OSHAWA IS ONE OF CANADA'S FASTING GROWING CITIES

It’s not your grandfather’s Oshawa.


The long-time home to GM Canada has evolved into a health sciences and education hub — and one of the nation’s top performing urban economies — thanks to what the Durham Workforce Authority calls a “creative push for growth” after the credit crunch and global auto sector implosion in 2008.

The city, along with Windsor, is expected to boast the fastest-growing economy this year among 15 medium-sized census metropolitan areas analyzed by the Conference Board of Canada in a report published Thursday. What’s more, the growth isn’t just about cars.

While GM remains a major employer and has unveiled new investment in Oshawa this year, health sciences, the professions, construction and retail have become key to what the report calls “red hot” jobs growth in the city about 60 kilometres from Toronto.

The city has seen the growth of nearly 30,000 jobs since 2011, including a record 18,000 in 2016.
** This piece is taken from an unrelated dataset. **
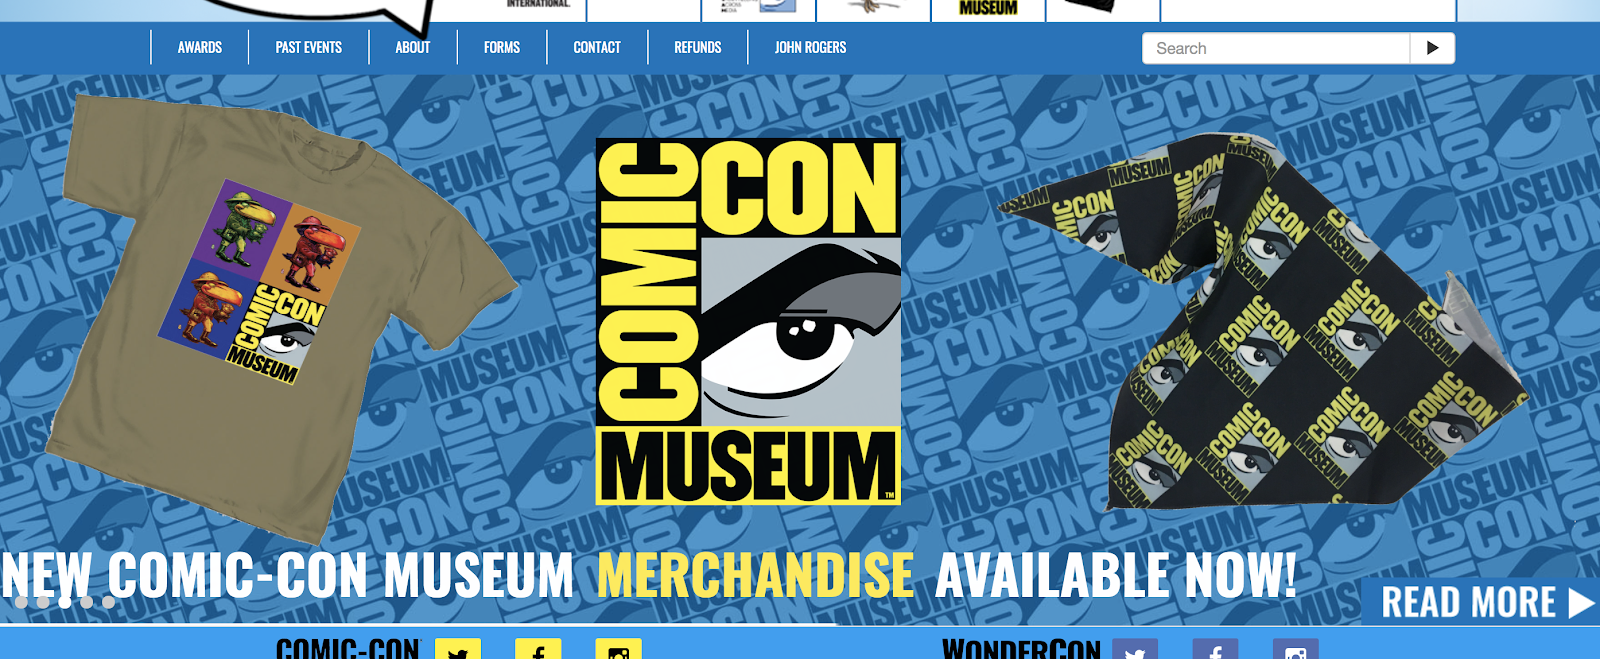 Comic Con Screenshot (Events to Meet Your Blog Readers At)

“We’ve reinvented ourselves as a community,” said Oshawa Mayor John Henry, adding that the city has made strategic investments in universities and colleges, boasting 20,000 full-time students at three post-secondary institutions, as well as the largest, multi-specialty medical group practice in Canada.

The investment has helped the city on the eastern edge of the GTA attract and retain young people, along with business investment that includes Costco’s 2012 construction of a 146,500-square-foot outlet at the former site of the north General Motors plant at Ritson Rd. and William St.

Henry said Oshawa has a diversified economy with roots in advanced manufacturing and transportation, in part by virtue of its natural deep water port on the shores of Lake Ontario.